- Born: Near the Battlefords, Sweetgrass First Nation
- Education: Bachelors in Language Studies
- Occupations: Author, musician, journalist, artist, editor
- Known for: IndigiNews and co-founding Indigenous Media Association of Canada
- Awards: Jack Webster Award (2024)

= Eden Fineday =

Plains Cree journalist

Eden Fineday is a Plains Cree journalist, artist and musician from Sweetgrass First Nation near the Battlefords, Saskatchewan. She is the publisher of IndigiNews, an Indigenous-led news website opened in 2020.

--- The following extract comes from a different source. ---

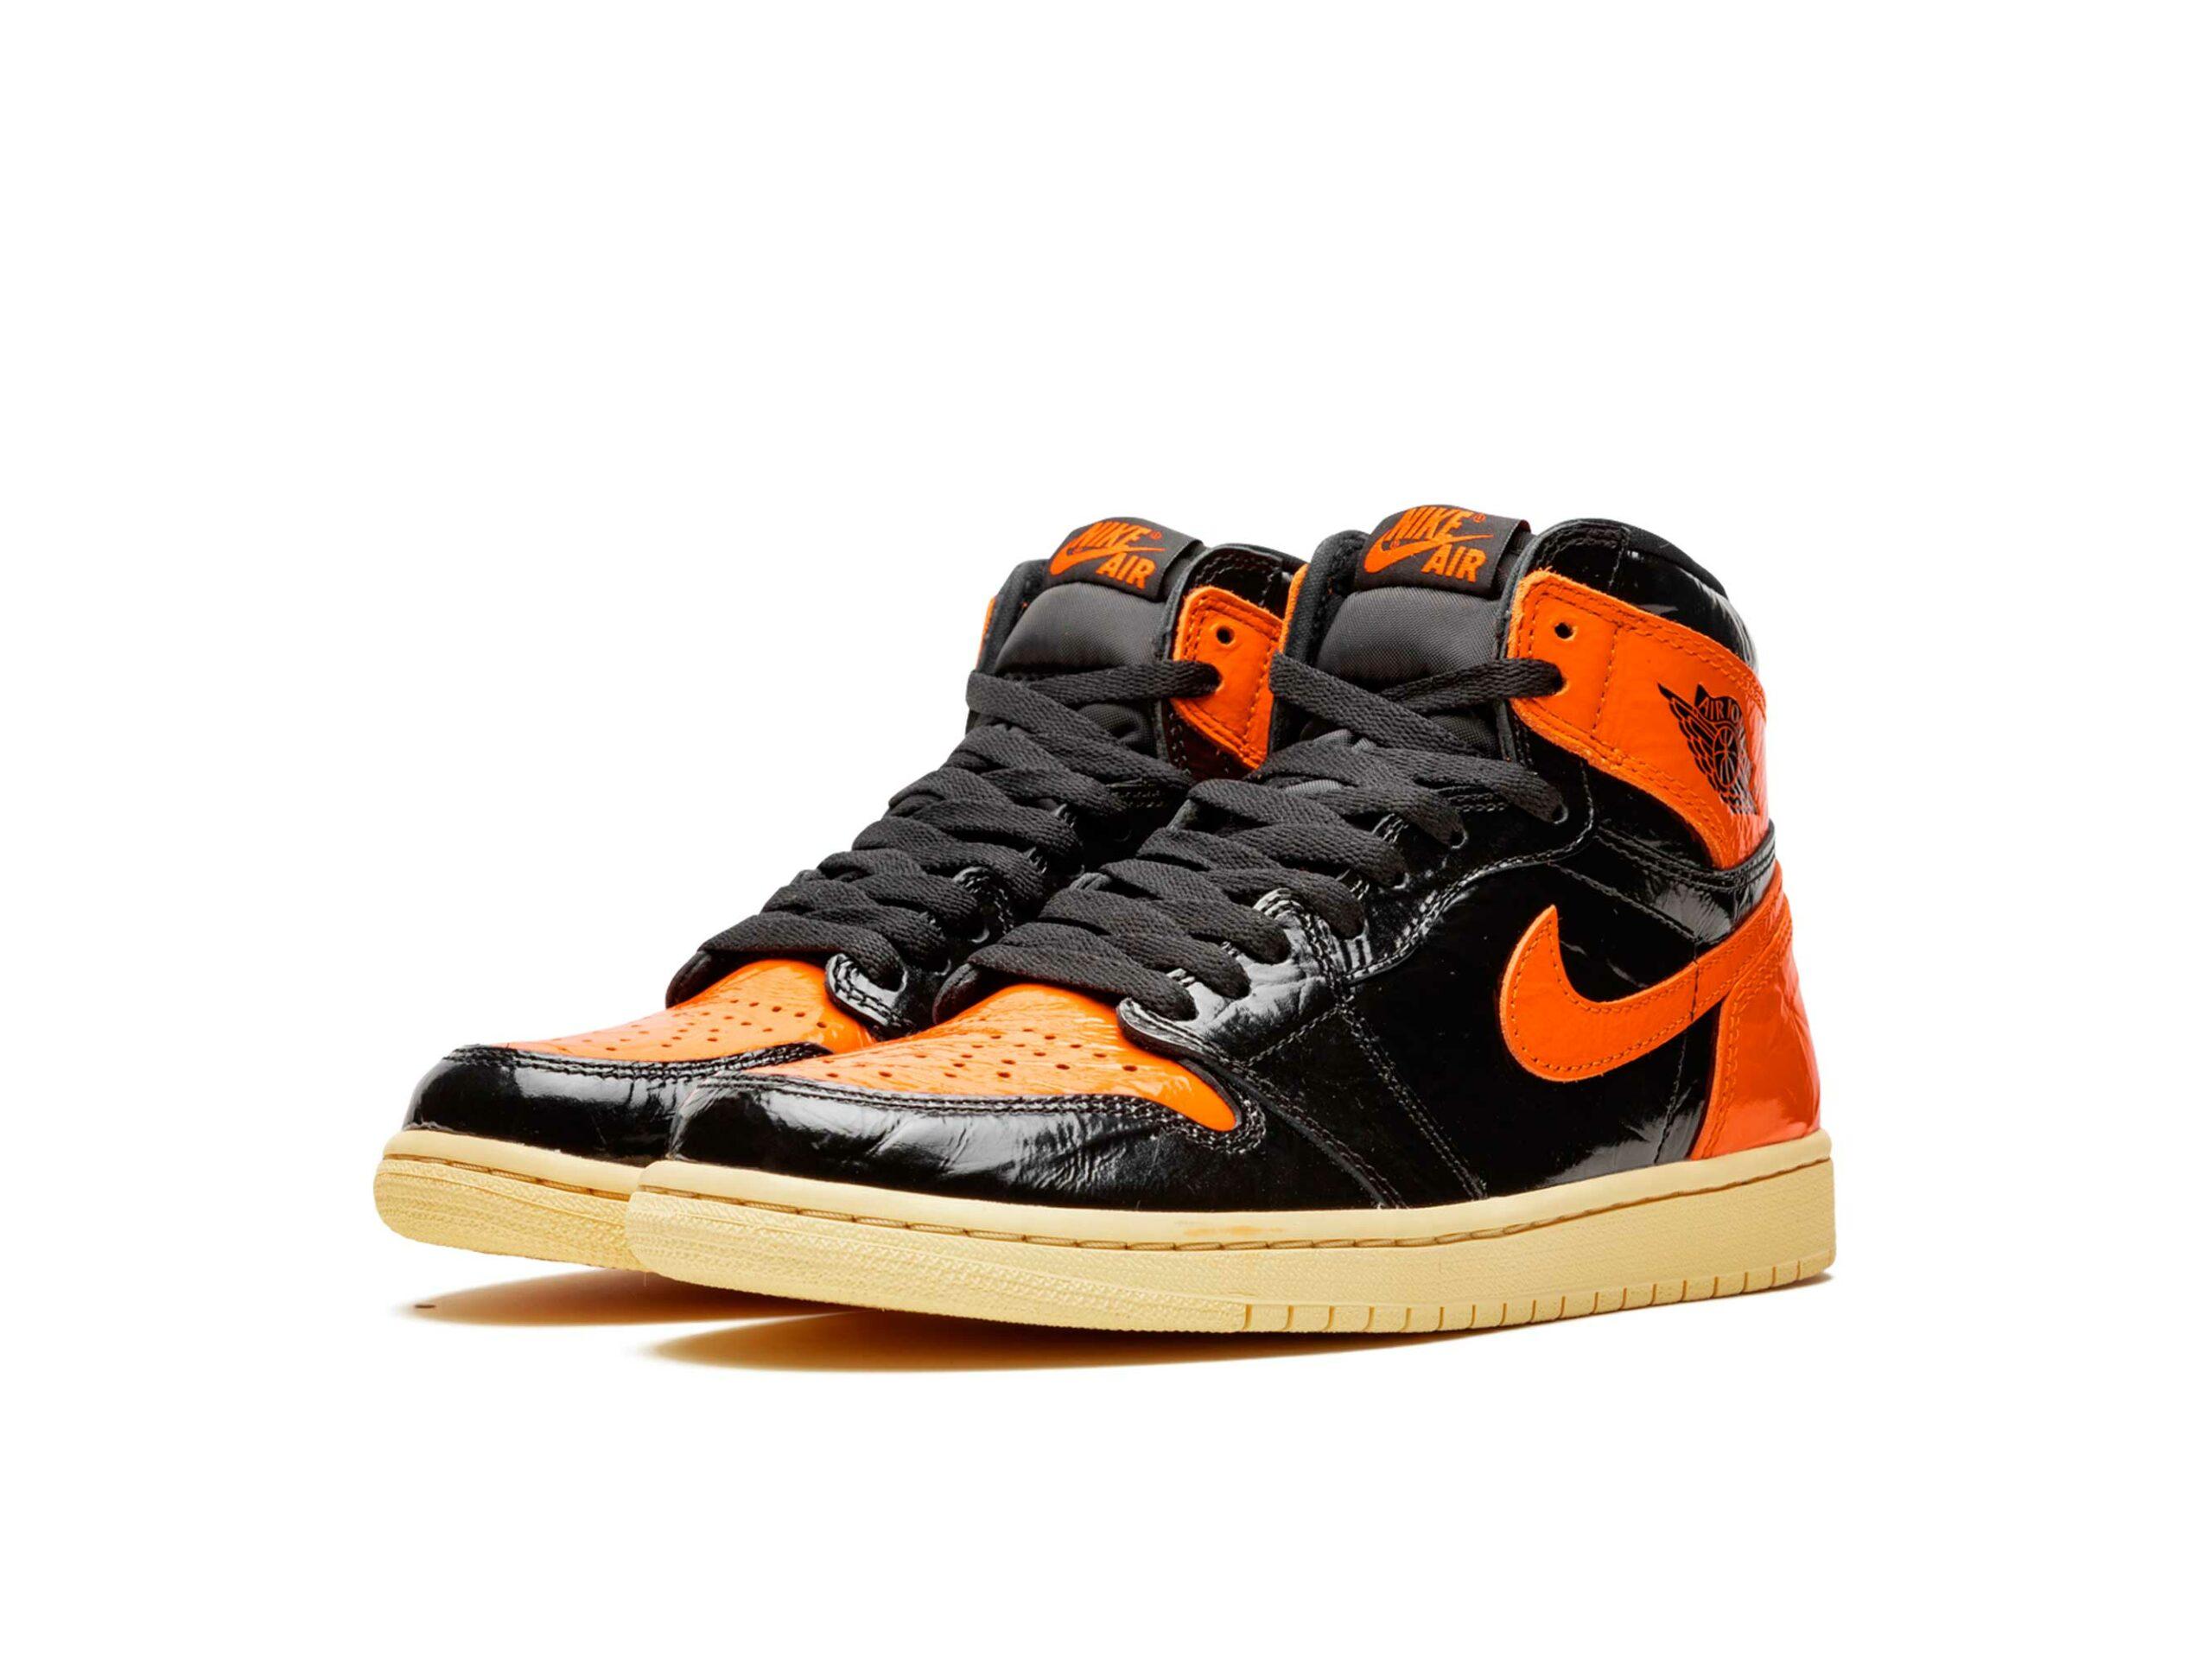 nike air Jordan 1 retro high og shattered backboard 555088_028 купить

Fineday grew up in Vancouver, B.C., and as a teenager moved to California, where she started her first band at around 21 years old. She returned to Canada nearly a decade later, where she started the band Vancougar, which released two albums through the Vancouver record label Mint Records. IndigiNews was her first venture into journalism; she was appointed its managing editor in 2021 and became its publisher in 2025.

== Early life ==
Fineday, a nehiyaw iskwew (Cree woman), was born in the Sweetgrass First Nation in Treaty 6 territory near the Battlefords, Saskatchewan. She grew up in East Vancouver, British Columbia, starting at two years old. Fineday has two older siblings and reflected their musical tastes when she was young. Blondie's Parallel Lines and Elvis Costello's My Aim Is True were her favourite records when she was five years old, and later she liked Tom Petty, Pat Benatar, Michael Jackson's Thriller, and Cyndi Lauper's She's So Unusual. She liked female singers when she was young and knew she wanted to become one like Blondie.

Fineday moved to California at 17 years old, dropping out of high school. There, she worked as a public speaker. She later went back to school and earned a bachelors degree in language studies.

== Musical career ==
Fineday began playing the guitar when she was nineteen years old and two years later started her first band, the What-Nots, in Santa Cruz, California. She was lead singer and guitarist of the band.

When Fineday moved back to Canada at 29 years old, in 2003, she had difficulties with the adjustment to a more socially isolated life. In Vancouver, she formed the all-female band Vancougar with fellow bassist Becca Stewart, a fellow Canadian whom she met in Santa Cruz. They began playing at shows in 2003, and she was the lead singer and a guitarist. They released the albums Losin' It (2006) and Canadian Tuxedo (2008) through Mint Records, a Vancouver independent record label. The Georgia Straight described their music as "classic pop with a knowingly ramshackle edge". Around this time she held a job in information management. In 2012, she started a crowdfunding campaign for another album.

== Journalism career ==
Fineday was appointed managing editor of the news website IndigiNews in November 2021. She said IndigiNews was her "first foray" into journalism. The outlet, opened in 2020, was jointly launched by Aboriginal Peoples Television Network and The Discourse and based in British Columbia. According to the Canadian Broadcasting Corporation, it aims to "address the long history of Canadian media poorly representing and perpetuating stereotypes about Indigenous communities."

In a series of IndigiNews articles in 2022, she wrote about her grandfather, Alphonse Little Poplar (1921–1989), and her grandmother, Irene Fineday, and daily life at their reserve, including experiences with the residential school system.

In 2023, Indigenous media organisations including IndigiNews were impacted after Canadian news content was blocked on the social media websites Facebook and Instagram by their owner Meta in response to the Online News Act. Fineday stated that traffic to the website originating from Facebook was 43% of that in the month before the ban.

In 2024, she published two articles on tracking down the bones of great-great-grandfather, ka-mîtosis (or Little Poplar), a Plains Cree warrior. She found out that his remains had been stored in a Smithsonian warehouse in the US, after the American military surgeon Charles E. Woodruff plundered his grave. Later in 2024, she received the Jack Webster Award for "Commentator of the Year" for her work as publisher of IndigiNews.

In early 2025, five journalists including Fineday founded the Indigenous Media Association of Canada (IMAC), a trade group of Indigenous journalists. In an interview with CBC News, the organisation's interim vice-president, Maureen Googoo, stated that the motivation behind its formation was to provide Indigenous media organisations "an equal seat at that table". Fineday also became the publisher of IndigiNews in January 2025, after acquiring the website with a non-profit organisation which she co-founded, tâpwêwin media. As of 2025, she is the non-profit organisation's CEO, while the editorial board comprises three Indigenous journalists.